For this reason, I will also make use of a third table called \mintinline{sql}{graphs}, which every entry in the \mintinline{sql}{distances} table will have a foreign key to, allowing us to identify the
graph to which that entry pertains.
\subsection{The \texttt{graphs} Table}
The \mintinline{sql}{graphs} table will be used to identify each graph.
The table will have three columns:
\begin{itemize}
\item An auto-incrementing integer column called \mintinline{sql}{graph_id} which will serve as the table's primary key.
This key will be referenced by each row in the \mintinline{sql}{distances} table so that the graph to which the data in the row relates can be identified.
An auto-incrementing ID was chosen as opposed to a composite key of the game's ID \& the time of the graph's generation so as to reduce the duplication of data across tables.
\item An integer column called \mintinline{sql}{game_id} which uniquely identifies the game to which the graph pertains.
We assume that this is defined elsewhere, either in a \mintinline{sql}{games} table or simply on an iterative basis, where the $n\textsuperscript{th}$ game played gets a
\mintinline{sql}{game_id} of $n$.
The SQL code examples will make the assumption that a \mintinline{sql}{games} table exists, but since this table is irrelevant to the representation of the graph and could be easily done
without, I won't bother defining what columns it should contain or how to create it; the only column that it must contain is a \mintinline{sql}{game_id}.
\item A \mintinline{sql}{TIMESTAMP} column called \mintinline{sql}{time_generated} which represents the time at which the graph was generated.
I opted to use a standard \mintinline{sql}{TIMESTAMP} instead of a variable representing the amount of game time that has elapsed for the sake of simplicity \& flexibility.

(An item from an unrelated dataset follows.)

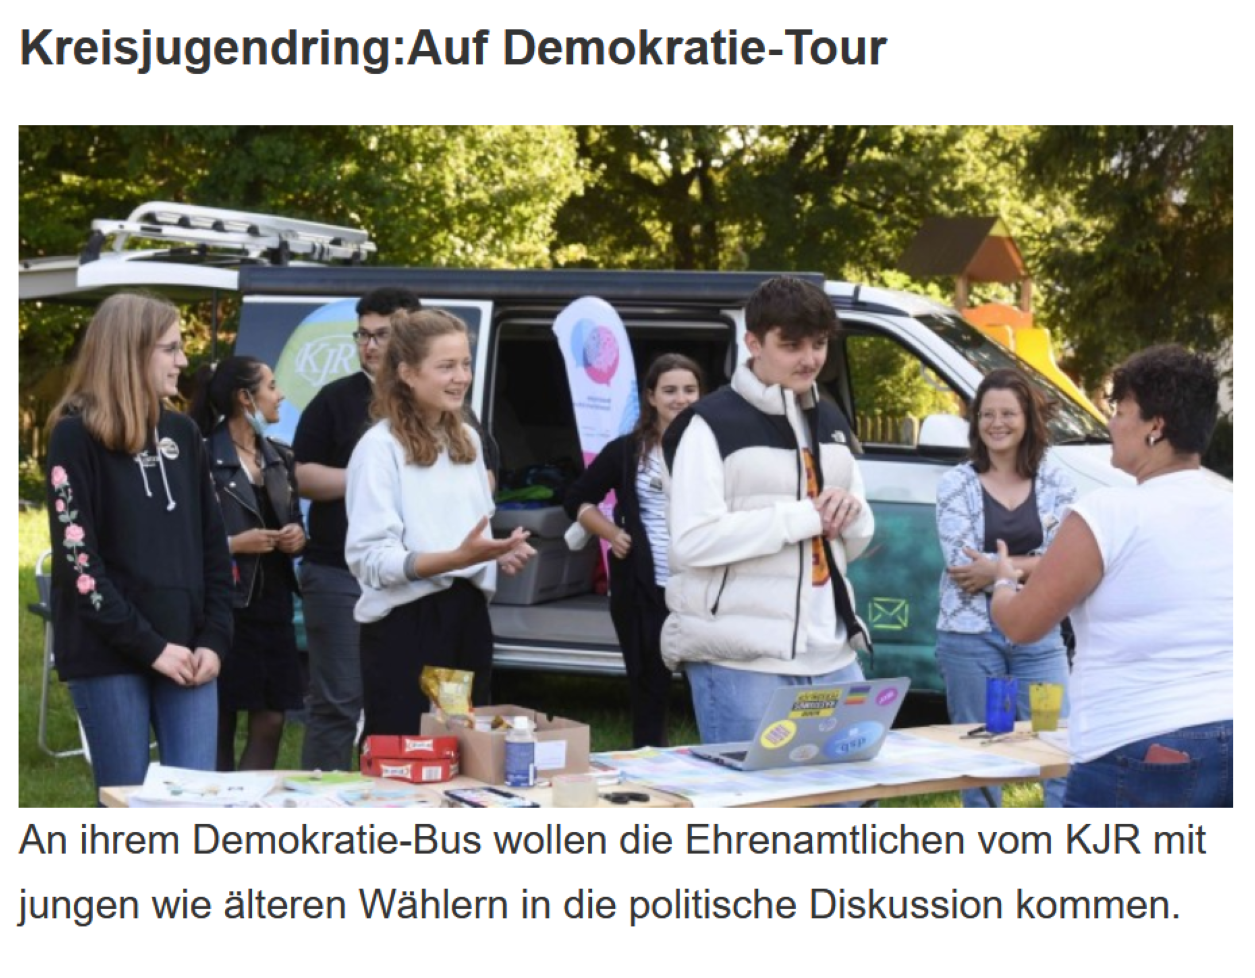 KJR_Auf_Demokratie_Tour

This column would constitute a candidate key if there was a guarantee that no two matches would be played simultaneously, and therefore we wouldn't need the \mintinline{sql}{graph_id} or
\mintinline{sql}{game_id}.
However, I feel that this would be an unreasonable assumption to make and would result in a less robust schema so I opted for the two extra columns instead.
\end{itemize}
\subsubsection{SQL Code to Create the \texttt{graphs} Table}
\begin{code}
\begin{minted}[linenos, breaklines, frame=single]{sql}
CREATE TABLE graphs (
graph_id INT NOT NULL AUTO_INCREMENT,
game_id INT NOT NULL,
time_generated TIMESTAMP NOT NULL,
PRIMARY KEY (graph_id),
FOREIGN KEY (game_id) REFERENCES games(game_id) -- assuming that a `graphs` table exists elsewhere
)
\end{minted}
\caption{SQL Code to Create the \texttt{graphs} Table}
\end{code}
\subsection{The \texttt{players} Table}
The details of the player table depend on what kind of data we want to store per node.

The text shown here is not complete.